Thankfully, I discovered that Max’s Wine Dive serves a gluten-free fried chicken. I was skeptical when I entered the McKinney Avenue spot. But when the platter filled with mashed potatoes, collard greens, and three fist-size pieces of chicken was set before me, my heart raced. It looked like fried chicken, and five minutes later I confirmed it tasted close enough to the real deal.


A few weeks later, I called Max’s executive chef, Patrick Russell, a talented man who cooked at Craft Dallas for four years. “Our owner, Jerry Lasco, is celiac,” Russell says. “Two years ago, he asked us to create a gluten-free fried chicken. It’s badass.” 


The gluten-free version was an off-the-menu item. Russell says they sold one or two orders a week. “Now we have it on the menu, and we are selling 10 to 15 orders a day,” he says.
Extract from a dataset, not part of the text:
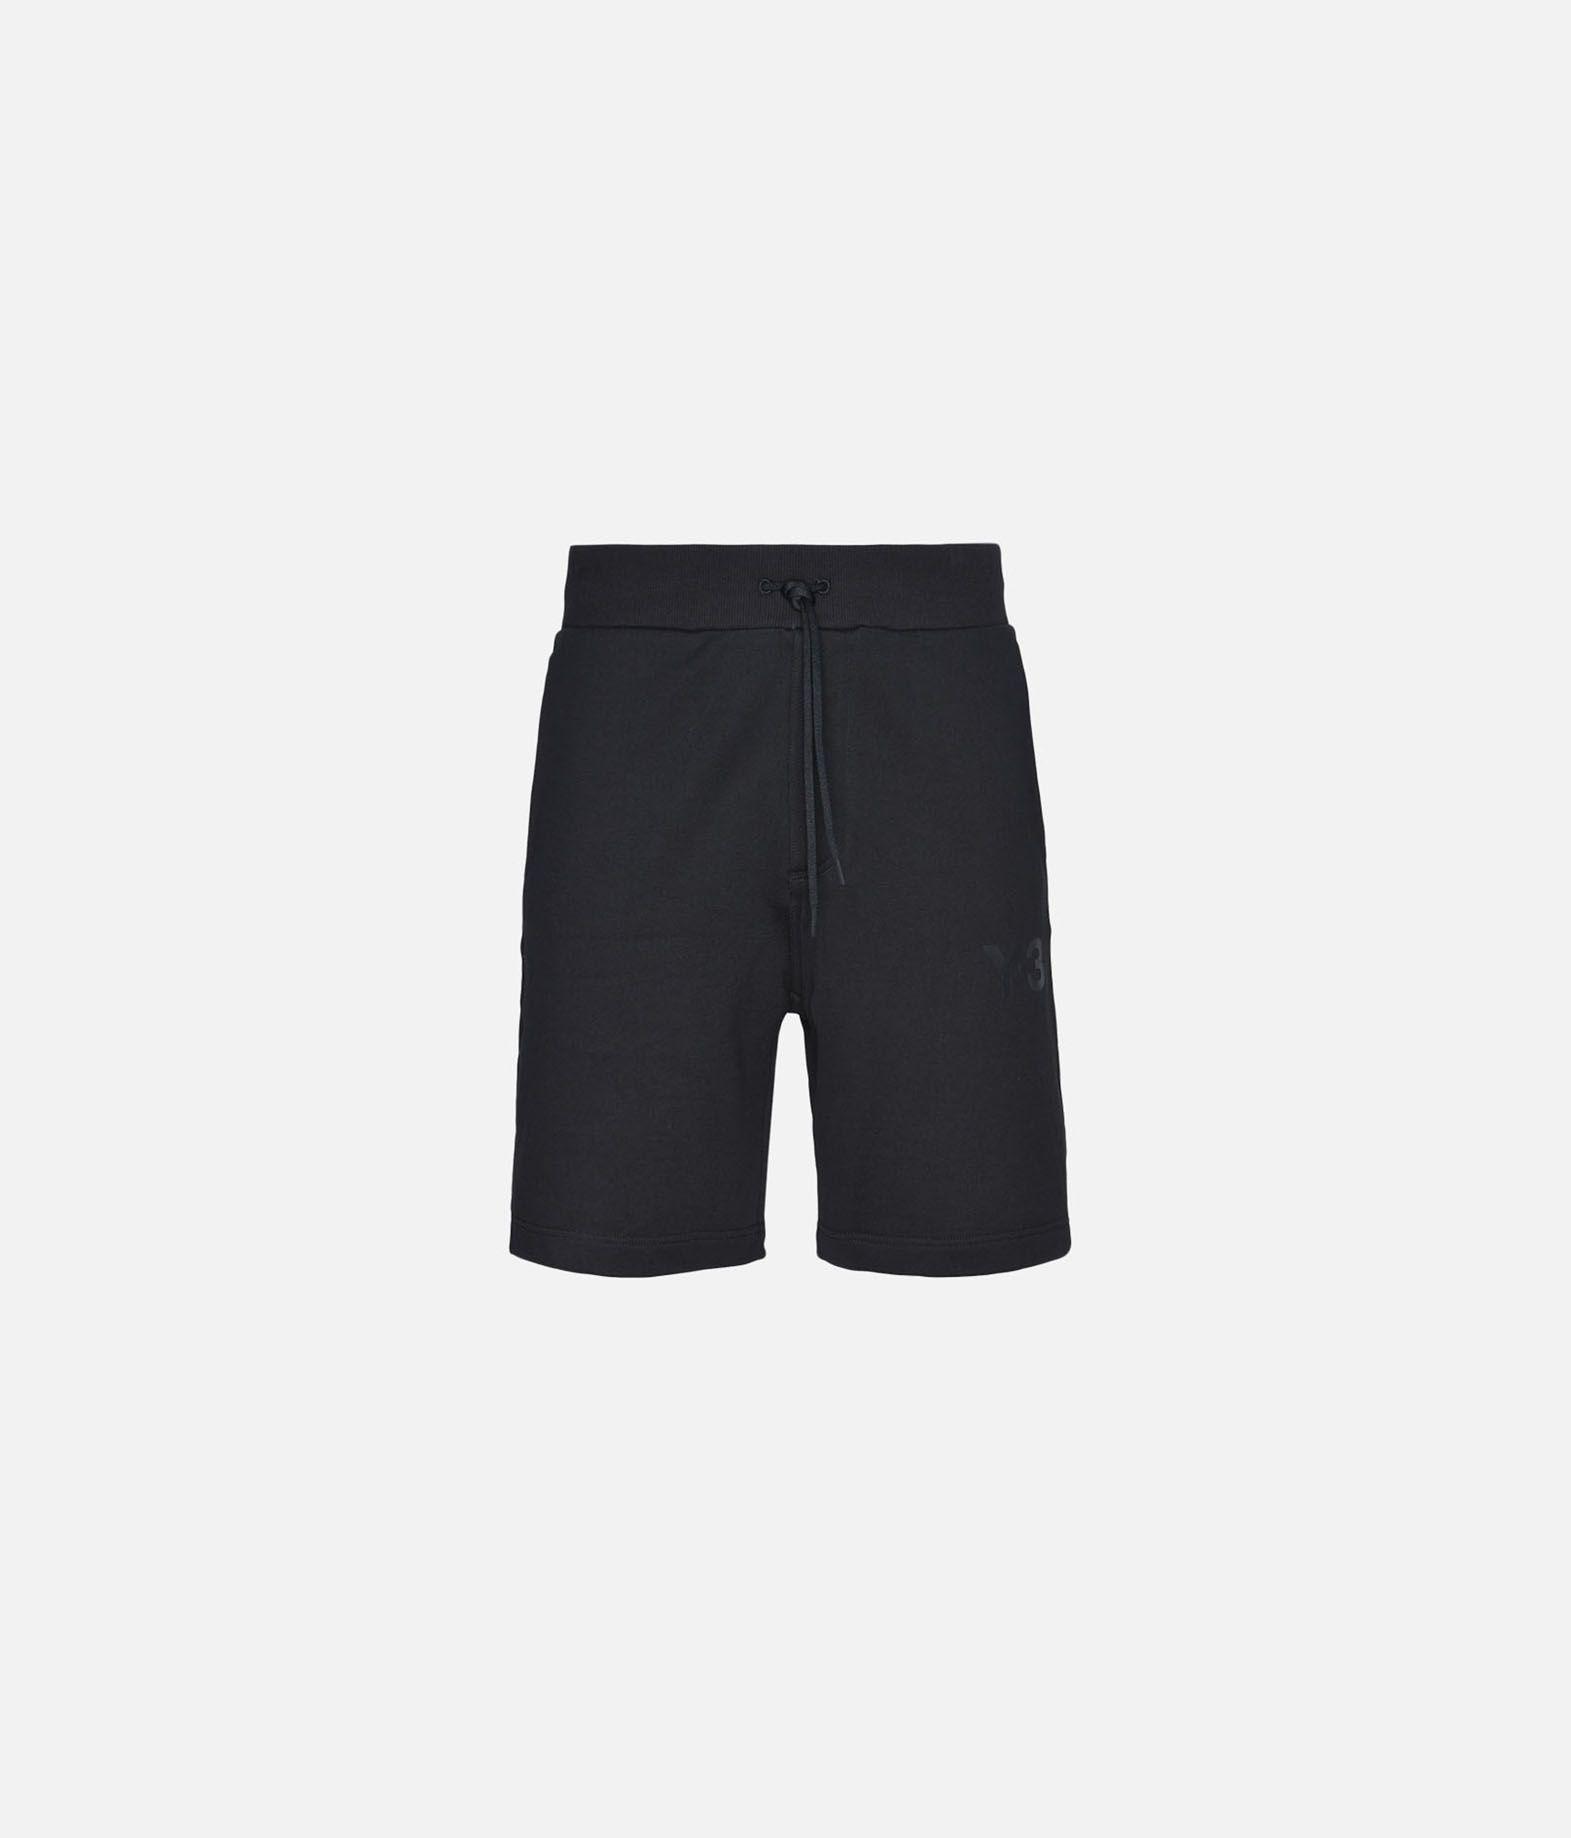 adidas y3 shorts

Russell uses the Ancient Grains Flour Blend made by King Arthur. The chicken is dipped in jalapeño-spiked buttermilk, rolled in flour and the same seasonings used on the glutenized version, and the chicken is fried in a separate fryer. (Note to highly sensitive customers: always ask if restaurant food is prepared in a gluten-free zone. Most places do not have a designated area.) Russell mixes the gluten-free flour first thing in the morning or at the end of a shift, so there is no chance of contamination from other flours in the air. The staff and servers have all been required to study the restaurant’s guide to food sensitivities. “It’s so rewarding to have customers who haven’t had fried chicken come in and eat our gluten-free chicken,” Russell says. “I can’t believe how happy they get.” 


For those of us who have benefited from eliminating gluten from our diet, happy is an understatement. I think Russell said it best: it is badass.